• [DATA]

============================================================

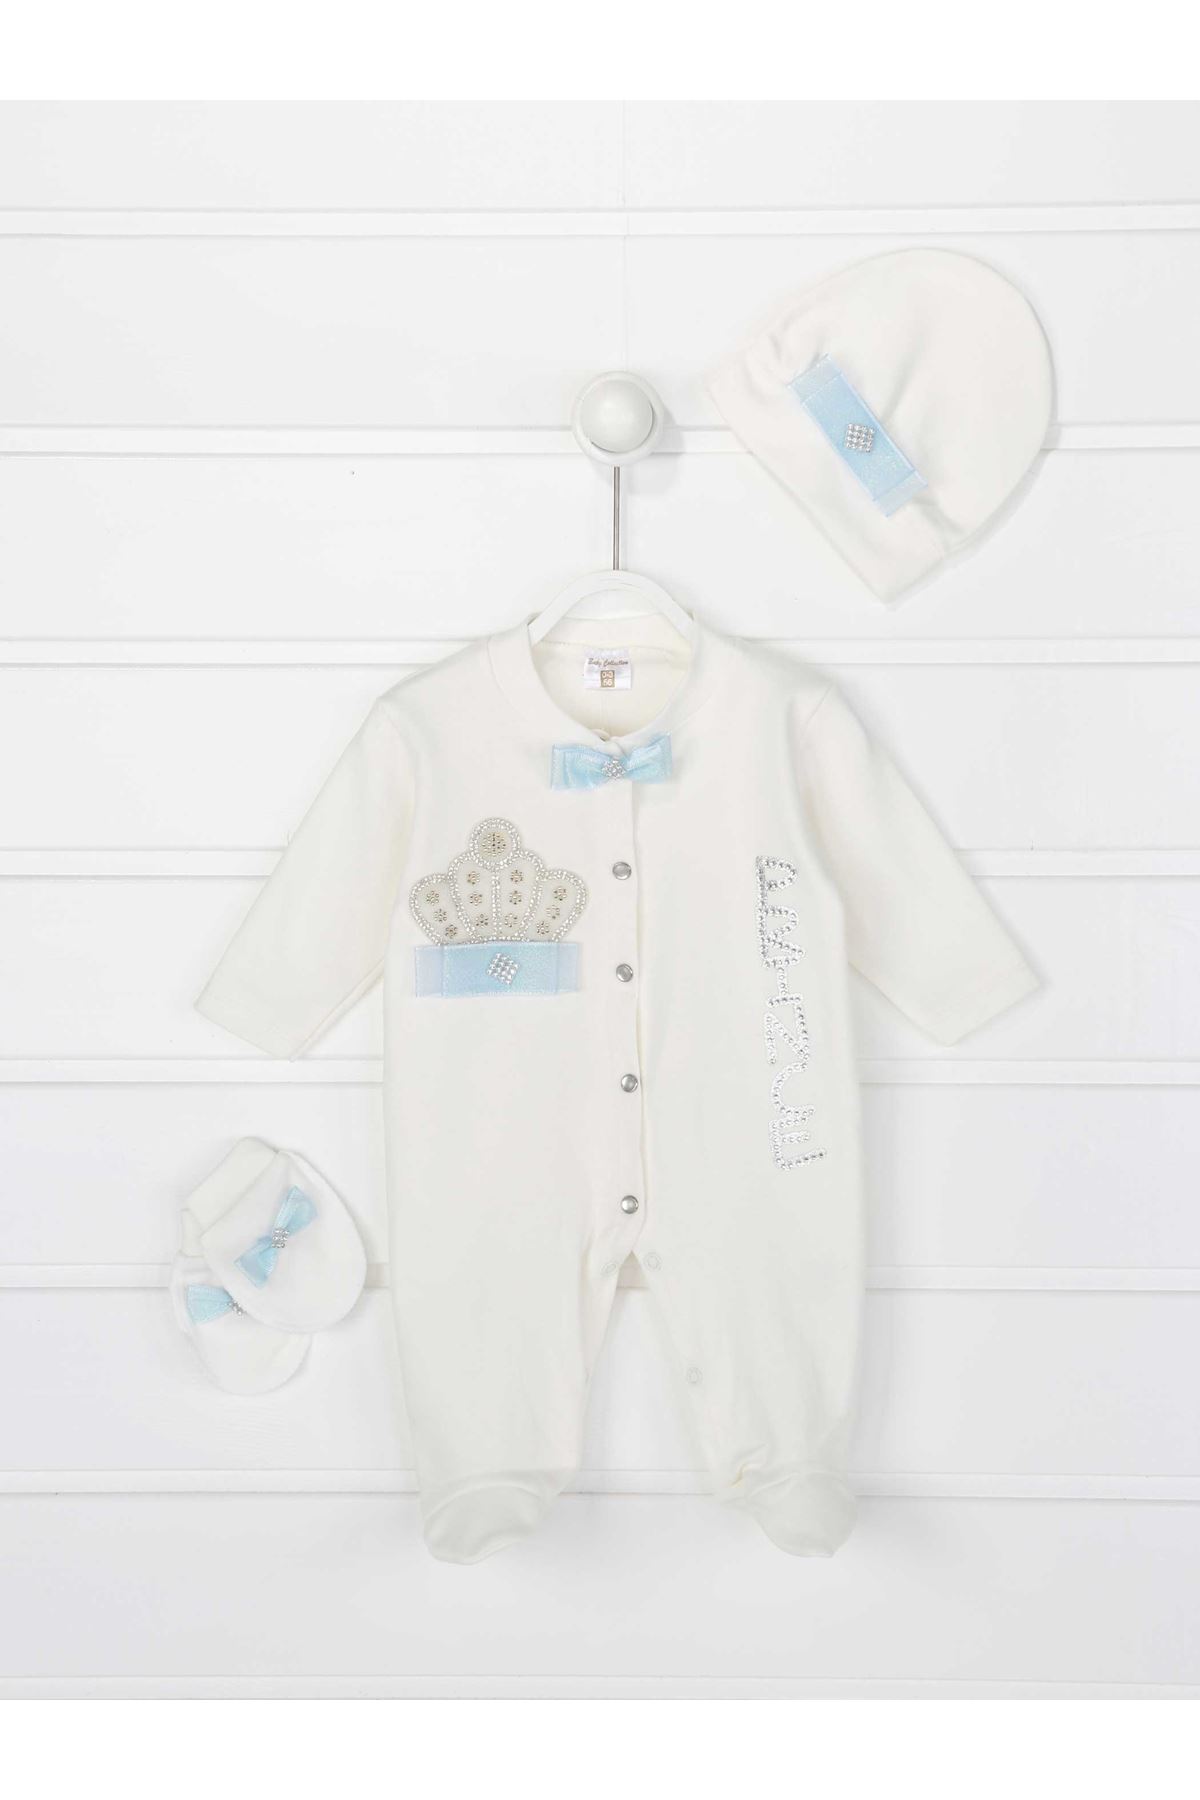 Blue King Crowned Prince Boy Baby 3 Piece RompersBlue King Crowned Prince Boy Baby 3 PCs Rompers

============================================================

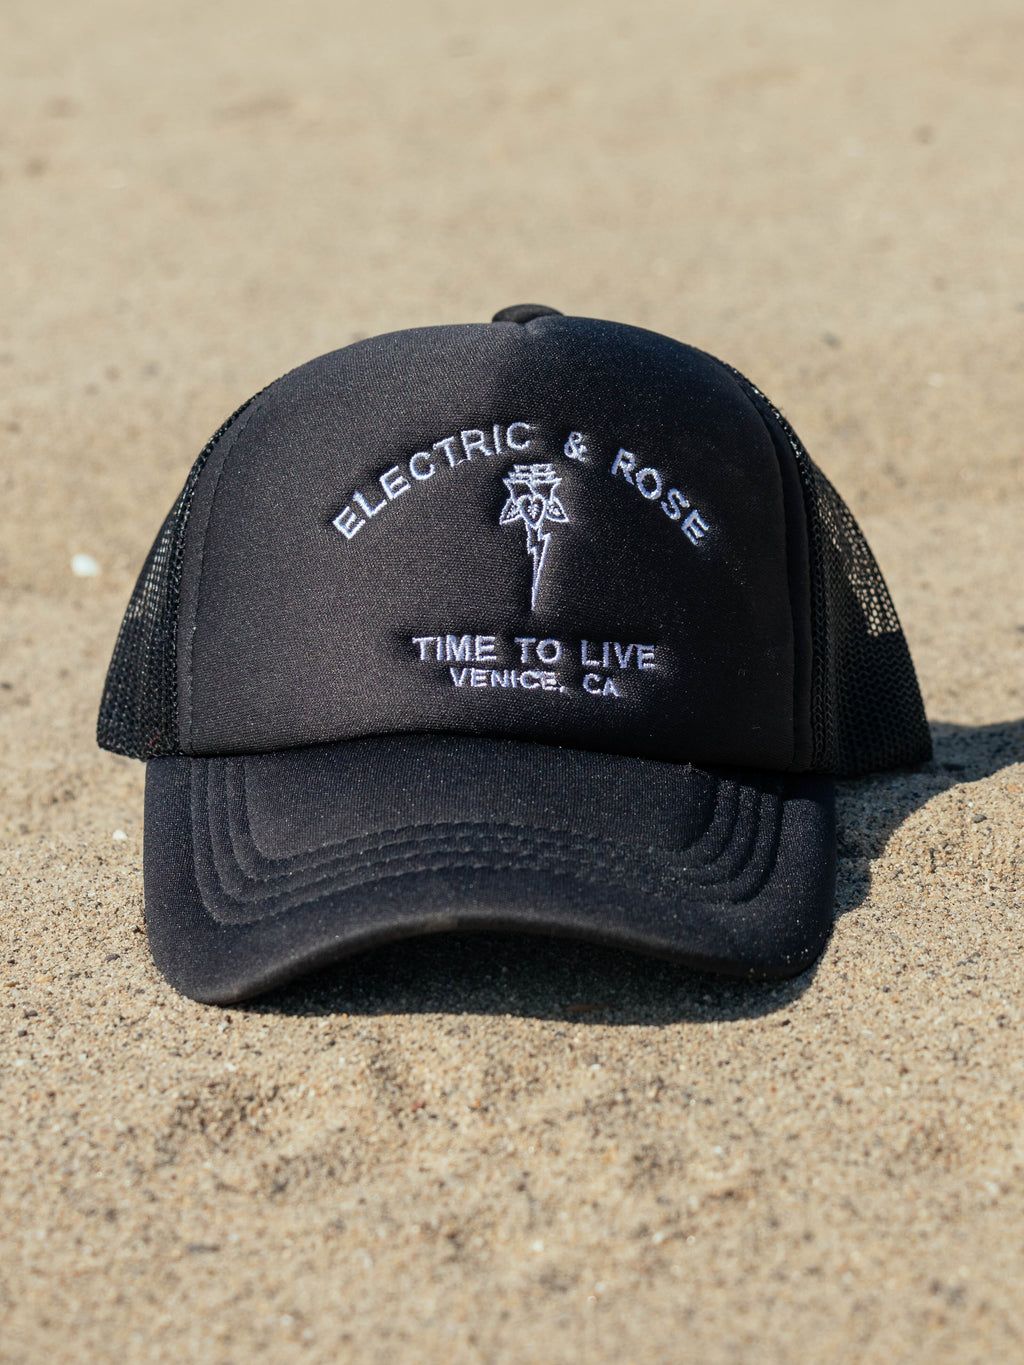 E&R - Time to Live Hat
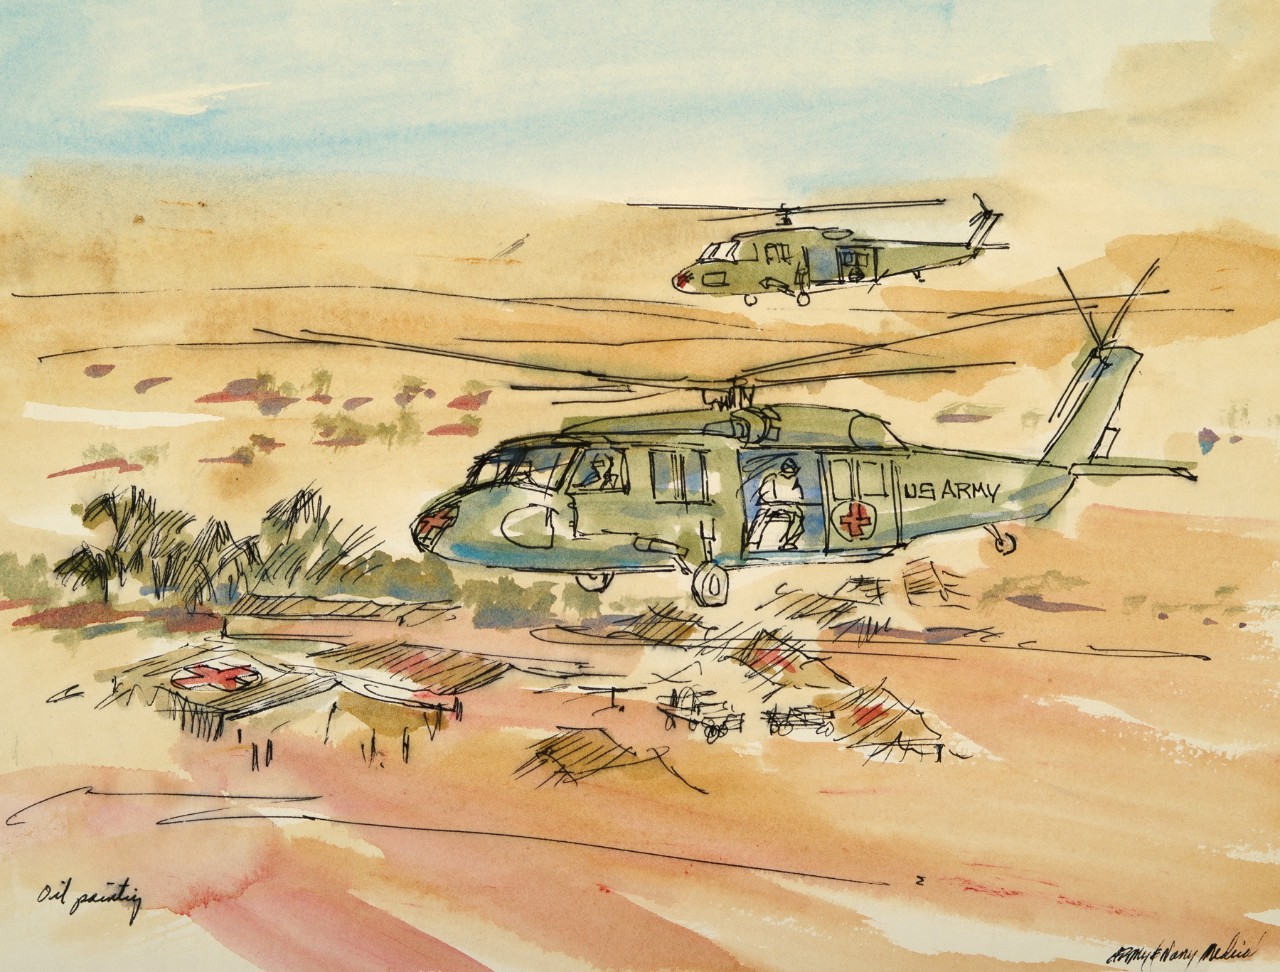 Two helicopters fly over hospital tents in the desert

============================================================

• [EXERCISE OBJECTIVE] Find the line with "E&R - Time to Live Hat" and the line with "Two helicopters fly" in the records above. Copy both and all lines between them exactly, without pictures.

• [ANSWER FOR THE TASK]
 E&R - Time to Live Hat
 Two helicopters fly over hospital tents in the desert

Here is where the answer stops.